Я и прежде всегда думал, что учиться нужно изо дня в день, и так всю жизнь — слишком сложен, слишком быстр в своей изменчивости мир, в котором мы живем; и работа в качестве летчика-испытателя лишний раз утверждала меня в этих мыслях. Сколько ни узнавал я нового — и от товарищей, и в процессе практики, всегда оказывалось, что хотя этого и достаточно, чтобы справляться со своими обязанностями, но бесконечно мало, чтобы быть уверенным, что лучше справиться с ними уже нельзя. Сложная, непрерывно развивающаяся современная техника не терпит в тех, кто имеет с ней дело, ни самоуспокоенности, ни тем более профессионального зазнайства. Подчас, и освоенная, она таит в себе всяческие неожиданности и жестоко мстит тем, кто позволяет себе относиться к ней свысока или даже просто недостаточно внимательно…
А такие, к сожалению, иногда встречались и среди нас.
К. пришел в институт чуть позже меня. Я знал его еще по фронту: он воевал в нашей же дивизии, только в другом полку. О нем отзывались тогда как о хорошем, но излишне самоуверенном летчике. Таким К. и остался. Пожалуй, с годами самоуверенность его даже возросла.
На первых порах, в начальных стадиях испытаний, К. проявлял и осмотрительность и осторожность, но стоило ему только решить, что он стал хозяином положения, что новая техника освоена и подчинена, на сцену тотчас выступала привычная самонадеянность.
— Терпеть не могу фетишизации, — с апломбом говорил он. — Если разобрался, значит — дело в шляпе. Летай себе да летай!
Сколько ни пытались его переубедить, сколько ни втолковывали, что панибратство с техникой к добру не приведет, К. упорно стоял на своем.

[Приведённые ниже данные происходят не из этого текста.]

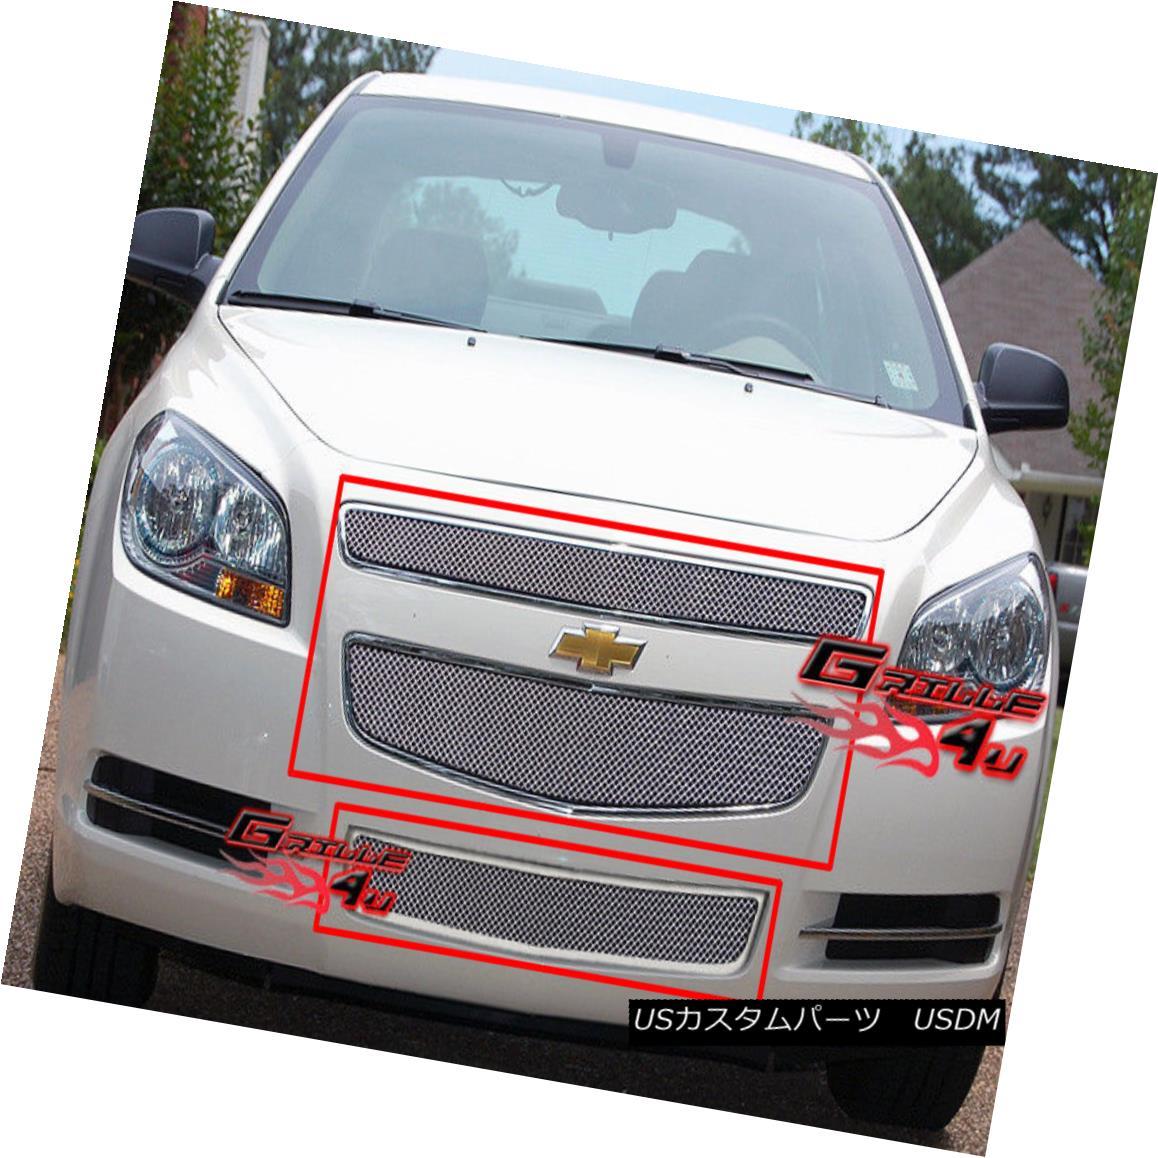 グリル Fits 08-12 2011 2012 Chevy Malibu Stainless Mesh Grille Grill Combo insert フィット2011年8月12日2012シボレーマリブステンレスメッシュグリルグリルコンボインサート

— Не молиться же на нее! — отмахивался в таких случаях он. — В конце концов в любой, даже самой сложной, машине количество иксов и игреков — величина ограниченная. И раз уж они выявлены, миндальничать больше не к чему.
В какой-то мере К. был по-своему прав.
Действительно после облетов на разных режимах и в различных условиях новая машина обычно уже не таит сама по себе особых сюрпризов и неожиданностей — ее особенности, ее скрытые достоинства и недостатки летчику теперь хорошо знакомы.

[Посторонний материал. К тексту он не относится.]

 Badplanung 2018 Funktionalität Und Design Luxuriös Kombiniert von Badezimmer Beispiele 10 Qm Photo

Ошибка заключалась в другом.
Всякий полет определяется не только поведением испытываемого самолета; он складывается в результате взаимодействия трех факторов — машина, летчик-испытатель и условия полета. Любой из этих компонентов, взятый в отдельности, может оставаться более или менее стабильным, но вектор взаимосвязи, который и характеризует полет как единое целое, постоянно меняется. Изменения эти в условиях испытаний новой техники часто нельзя предугадать заранее; неожиданность может подстерегать летчика постоянно, и встретить ее он должен твердо, хладнокровно, во всеоружии своего мастерства и опыта. Иными словами, любая неожиданность в испытательном полете запланирована самими его условиями. Об этом летчик-испытатель не имеет права забывать ни на секунду — здесь суть его профессии.
К. не то чтобы был забывчив, просто он позволял себе не придавать этому значения. «Машину, дескать, я изучил вдоль и поперек, — обычно рассуждал он, — опыта мне тоже не занимать, случись что — справлюсь».
И К. в самом деле справлялся, не зря его считали сильным, хорошим летчиком. Но однажды…
Это произошло в районе заброшенных торфяных разработок. Двигатель отказал внезапно — машину резко рвануло в сторону. К. не растерялся, слил топливо и пошел на посадку. Найти подходящую площадку и попытаться сесть — одна из двух возможностей, которые у него оставались. Вторая — пожертвовать самолетом и катапультироваться.
К. избрал первую, приберегая катапультирование про запас. Сквозь облачность несколько раз блеснула прямая как стрела лента — шоссейка, решил К. Но когда самолет, потеряв несколько тысяч метров высоты, пробил облачность, К. понял, что ошибся: вместо асфальтированного шоссе, на которое он рассчитывал посадить машину, под крылом оказались заполненные ржавой водой канавы. Кругом, куда ни кинь глазом, простирались торфяные болота, прорезанные кое-где точно такими же канавами, оставшимися после выборки торфа.
Садиться было некуда. Машина с мертвым двигателем с каждой секундой необратимо теряла высоту. Оставалось одно… И К. рванул рычаг катапультирования.
Катапультное устройство сработало.
А случившееся можно было предотвратить. К. не мог не знать этого. Он знал, что под крылом у него торфяные болота, где возможность принять канаву с водой за шоссе неизмеримо больше, чем вероятность на самом деле отыскать подходящий участок для вынужденной посадки. Если бы К. взвесил все обстоятельства, у него хватило бы времени принять другое, более правильное решение. Но трезвому анализу помешала привычная самонадеянность.